#### Source material
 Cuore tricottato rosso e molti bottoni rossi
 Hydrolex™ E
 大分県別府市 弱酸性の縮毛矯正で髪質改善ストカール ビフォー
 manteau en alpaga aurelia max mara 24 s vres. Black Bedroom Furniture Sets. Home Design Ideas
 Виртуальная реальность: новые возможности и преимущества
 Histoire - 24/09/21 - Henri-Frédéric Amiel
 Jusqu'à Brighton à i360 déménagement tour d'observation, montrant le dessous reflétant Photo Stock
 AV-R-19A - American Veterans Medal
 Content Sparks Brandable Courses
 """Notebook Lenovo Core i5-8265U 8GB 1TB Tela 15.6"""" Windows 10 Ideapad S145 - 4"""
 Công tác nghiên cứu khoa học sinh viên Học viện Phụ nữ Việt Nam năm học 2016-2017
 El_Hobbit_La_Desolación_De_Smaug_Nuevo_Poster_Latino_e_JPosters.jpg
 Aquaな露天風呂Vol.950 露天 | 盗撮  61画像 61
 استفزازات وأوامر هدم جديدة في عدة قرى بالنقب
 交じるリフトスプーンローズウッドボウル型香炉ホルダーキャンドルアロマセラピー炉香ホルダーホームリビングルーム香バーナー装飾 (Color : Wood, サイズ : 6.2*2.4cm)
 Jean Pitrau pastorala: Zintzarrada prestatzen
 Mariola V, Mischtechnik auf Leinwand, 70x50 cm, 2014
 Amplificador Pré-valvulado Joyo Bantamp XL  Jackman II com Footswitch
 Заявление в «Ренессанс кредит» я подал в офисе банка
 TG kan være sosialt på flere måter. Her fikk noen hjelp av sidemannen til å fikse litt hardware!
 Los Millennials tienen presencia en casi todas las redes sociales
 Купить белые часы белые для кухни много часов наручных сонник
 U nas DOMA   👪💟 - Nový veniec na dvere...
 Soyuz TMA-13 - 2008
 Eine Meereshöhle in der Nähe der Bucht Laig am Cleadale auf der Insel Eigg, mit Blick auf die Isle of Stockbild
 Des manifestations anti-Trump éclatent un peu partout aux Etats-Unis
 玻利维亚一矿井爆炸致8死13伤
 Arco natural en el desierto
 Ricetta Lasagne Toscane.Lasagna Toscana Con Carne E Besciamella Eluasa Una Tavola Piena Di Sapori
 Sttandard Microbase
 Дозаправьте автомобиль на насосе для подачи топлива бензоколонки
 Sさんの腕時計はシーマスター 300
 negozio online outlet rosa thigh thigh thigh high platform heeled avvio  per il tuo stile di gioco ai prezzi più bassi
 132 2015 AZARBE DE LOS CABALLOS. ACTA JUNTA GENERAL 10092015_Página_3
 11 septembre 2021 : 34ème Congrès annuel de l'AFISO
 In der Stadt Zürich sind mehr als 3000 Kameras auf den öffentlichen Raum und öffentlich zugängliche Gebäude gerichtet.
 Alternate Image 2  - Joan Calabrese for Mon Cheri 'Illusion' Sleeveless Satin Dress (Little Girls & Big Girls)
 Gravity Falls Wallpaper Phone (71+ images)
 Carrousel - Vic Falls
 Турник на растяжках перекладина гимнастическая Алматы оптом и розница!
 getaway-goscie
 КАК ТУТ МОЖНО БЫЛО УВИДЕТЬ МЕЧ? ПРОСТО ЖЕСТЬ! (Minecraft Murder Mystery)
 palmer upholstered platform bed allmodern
########
§ Assignment: Copy every line above without altering a word.

§ Result of this exercise:
 Cuore tricottato rosso e molti bottoni rossi
 Hydrolex™ E
 大分県別府市 弱酸性の縮毛矯正で髪質改善ストカール ビフォー
 manteau en alpaga aurelia max mara 24 s vres. Black Bedroom Furniture Sets. Home Design Ideas
 Виртуальная реальность: новые возможности и преимущества
 Histoire - 24/09/21 - Henri-Frédéric Amiel
 Jusqu'à Brighton à i360 déménagement tour d'observation, montrant le dessous reflétant Photo Stock
 AV-R-19A - American Veterans Medal
 Content Sparks Brandable Courses
 """Notebook Lenovo Core i5-8265U 8GB 1TB Tela 15.6"""" Windows 10 Ideapad S145 - 4"""
 Công tác nghiên cứu khoa học sinh viên Học viện Phụ nữ Việt Nam năm học 2016-2017
 El_Hobbit_La_Desolación_De_Smaug_Nuevo_Poster_Latino_e_JPosters.jpg
 Aquaな露天風呂Vol.950 露天 | 盗撮  61画像 61
 استفزازات وأوامر هدم جديدة في عدة قرى بالنقب
 交じるリフトスプーンローズウッドボウル型香炉ホルダーキャンドルアロマセラピー炉香ホルダーホームリビングルーム香バーナー装飾 (Color : Wood, サイズ : 6.2*2.4cm)
 Jean Pitrau pastorala: Zintzarrada prestatzen
 Mariola V, Mischtechnik auf Leinwand, 70x50 cm, 2014
 Amplificador Pré-valvulado Joyo Bantamp XL  Jackman II com Footswitch
 Заявление в «Ренессанс кредит» я подал в офисе банка
 TG kan være sosialt på flere måter. Her fikk noen hjelp av sidemannen til å fikse litt hardware!
 Los Millennials tienen presencia en casi todas las redes sociales
 Купить белые часы белые для кухни много часов наручных сонник
 U nas DOMA   👪💟 - Nový veniec na dvere...
 Soyuz TMA-13 - 2008
 Eine Meereshöhle in der Nähe der Bucht Laig am Cleadale auf der Insel Eigg, mit Blick auf die Isle of Stockbild
 Des manifestations anti-Trump éclatent un peu partout aux Etats-Unis
 玻利维亚一矿井爆炸致8死13伤
 Arco natural en el desierto
 Ricetta Lasagne Toscane.Lasagna Toscana Con Carne E Besciamella Eluasa Una Tavola Piena Di Sapori
 Sttandard Microbase
 Дозаправьте автомобиль на насосе для подачи топлива бензоколонки
 Sさんの腕時計はシーマスター 300
 negozio online outlet rosa thigh thigh thigh high platform heeled avvio  per il tuo stile di gioco ai prezzi più bassi
 132 2015 AZARBE DE LOS CABALLOS. ACTA JUNTA GENERAL 10092015_Página_3
 11 septembre 2021 : 34ème Congrès annuel de l'AFISO
 In der Stadt Zürich sind mehr als 3000 Kameras auf den öffentlichen Raum und öffentlich zugängliche Gebäude gerichtet.
 Alternate Image 2  - Joan Calabrese for Mon Cheri 'Illusion' Sleeveless Satin Dress (Little Girls & Big Girls)
 Gravity Falls Wallpaper Phone (71+ images)
 Carrousel - Vic Falls
 Турник на растяжках перекладина гимнастическая Алматы оптом и розница!
 getaway-goscie
 КАК ТУТ МОЖНО БЫЛО УВИДЕТЬ МЕЧ? ПРОСТО ЖЕСТЬ! (Minecraft Murder Mystery)
 palmer upholstered platform bed allmodern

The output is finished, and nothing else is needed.